CI Status Checker

Diagnoses CI/CD pipeline failures by reading GitHub Actions logs, identifying failure patterns, and producing actionable fix recommendations. This skill does not write workflows from scratch -- it triages what went wrong with existing ones.

Activation Triggers

Activate on: "CI failing", "build broken", "workflow error", "GitHub Actions debug", "flaky CI", "pipeline timeout", "CI red", "actions run failed", "check failed on PR", "why is CI broken"

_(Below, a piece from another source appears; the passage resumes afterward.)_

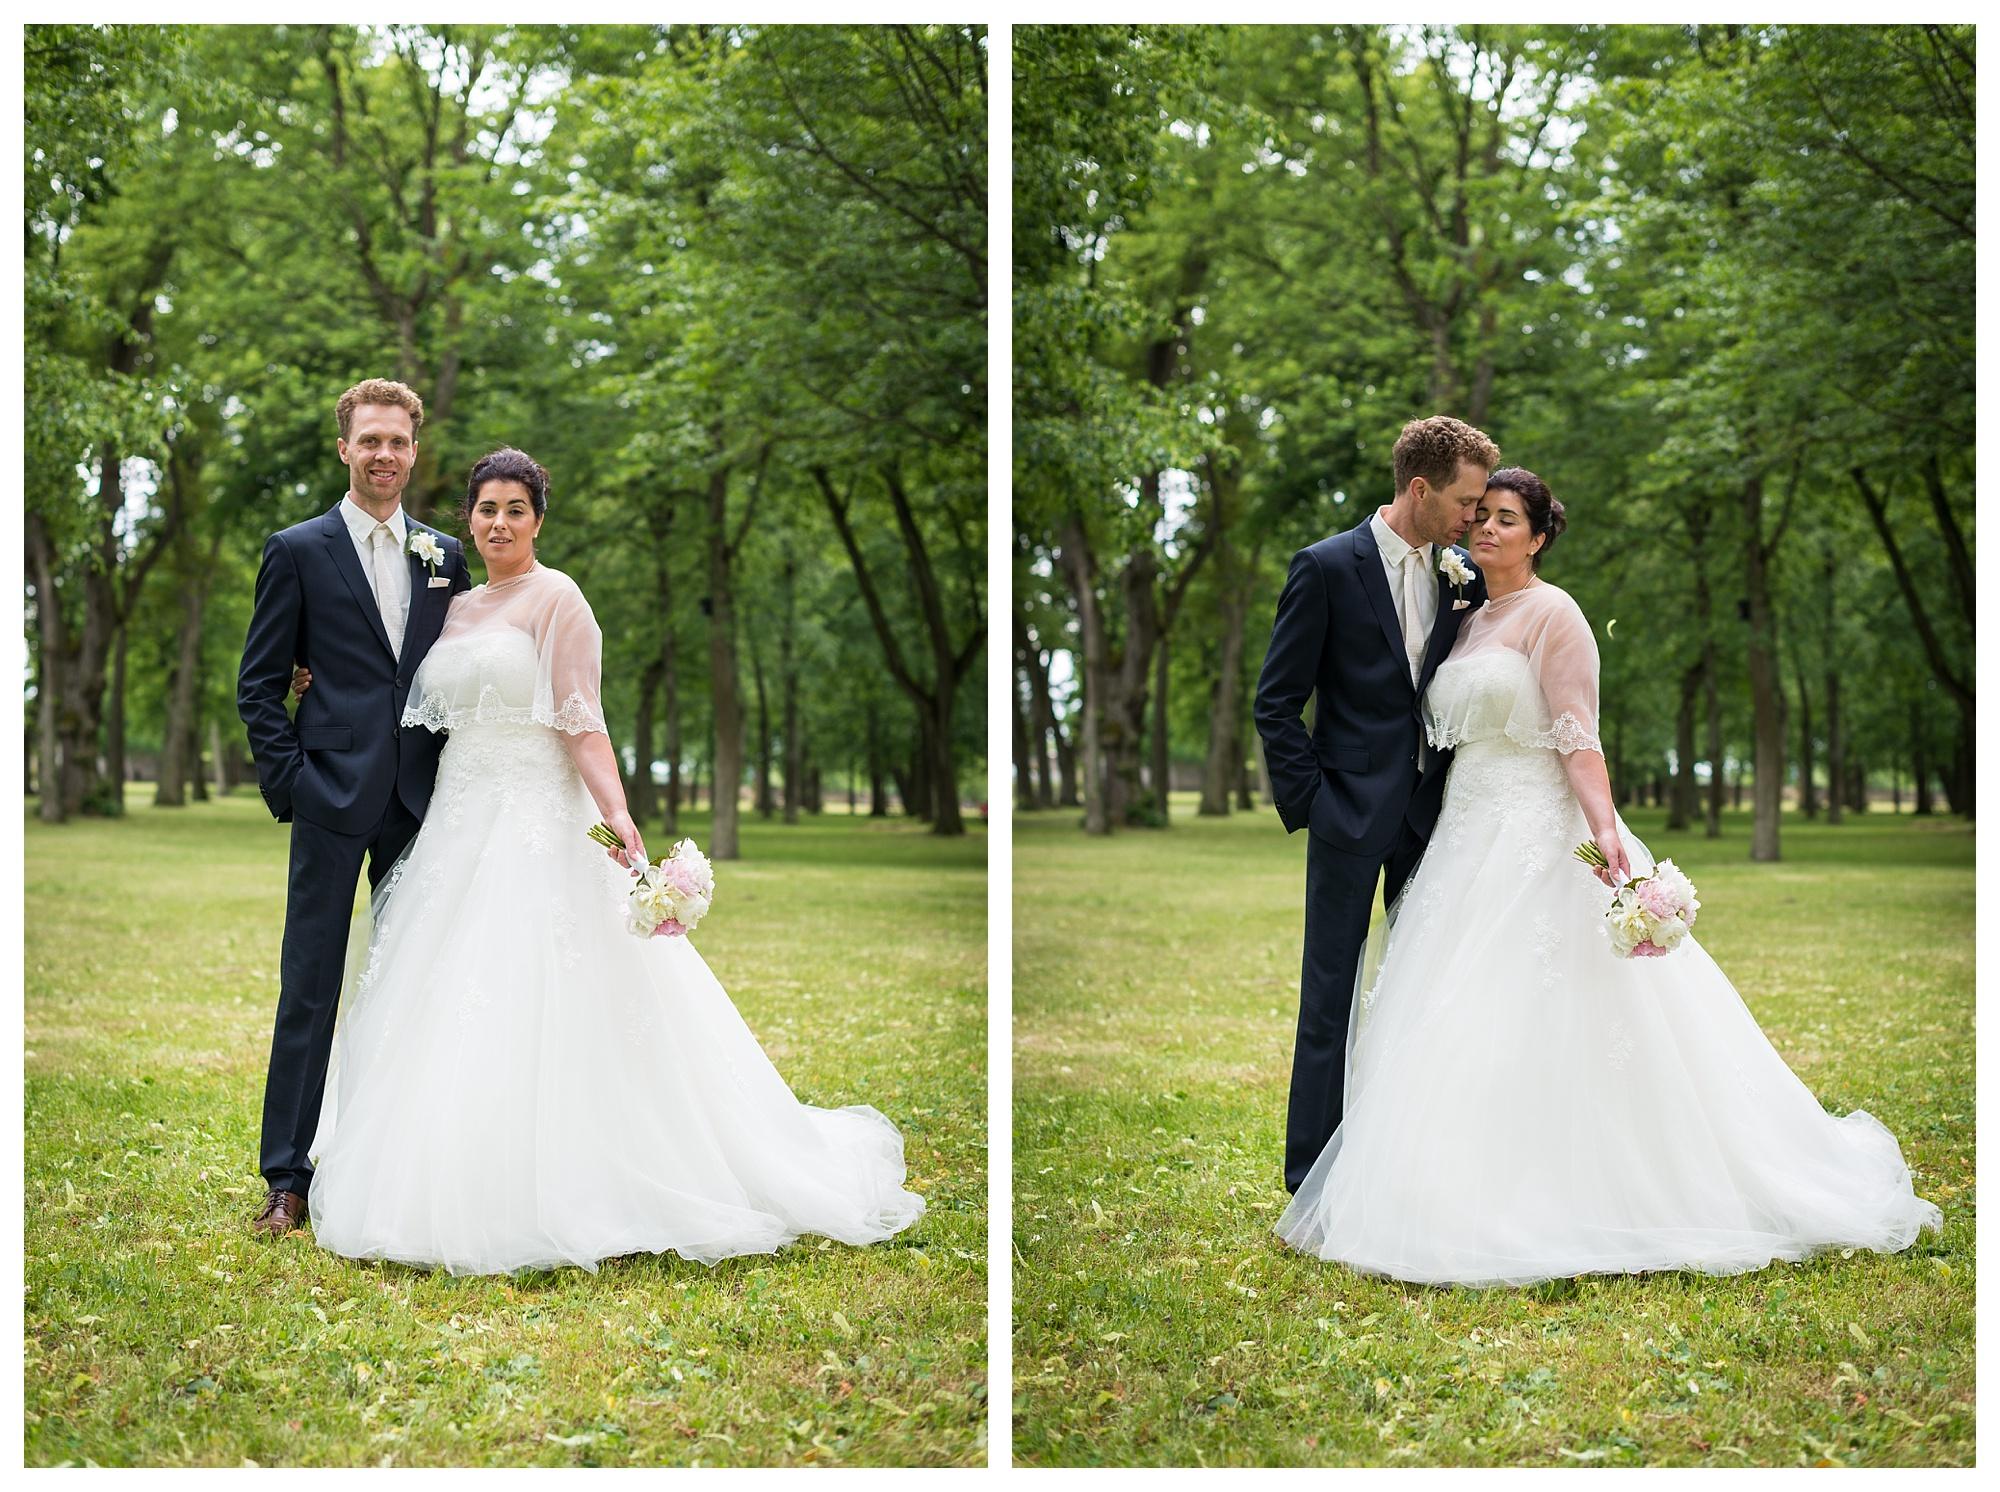 Fotograf Konstanz - Hochzeit Tanja Elmar Elmar Feuerbacher Photography Konstanz Messkirch Highlights 075 - Hochzeitsreportage von Tanja und Elmar im Schloss Meßkirch  - 177 -

NOT for: Writing new workflows --> github-actions-pipeline-builder | Caching strategy --> ci-cache-optimizer | Deployment pipelines --> devops-automator | Performance testing --> performance-profiler

Core Capabilities

Read GitHub Actions run logs and extract the failing step with surrounding context
Classify failures into known categories (dependency, build, test, timeout, OOM, permissions, config)
Suggest targeted fixes based on error pattern matching against known CI failure modes
Detect workflow YAML syntax and configuration issues before they cause runtime failures
Identify flaky tests by analyzing pass/fail patterns across recent runs
Check for common misconfigurations: wrong Node version, missing secrets, incorrect paths
Diagnose matrix build failures where only specific combinations fail
Trace failure cascades (step A fails silently, step B fails loudly because of A)

Diagnostic Process

Step 1: Get Run Status

# Check most recent run status
gh run list --limit 5

# Get details for a specific failed run
gh run view <run-id>

# Get the full log for a failed run
gh run view <run-id> --log-failed

Always start with --log-failed rather than --log to avoid pulling megabytes of passing step output. Only escalate to full logs if the failed step output is insufficient.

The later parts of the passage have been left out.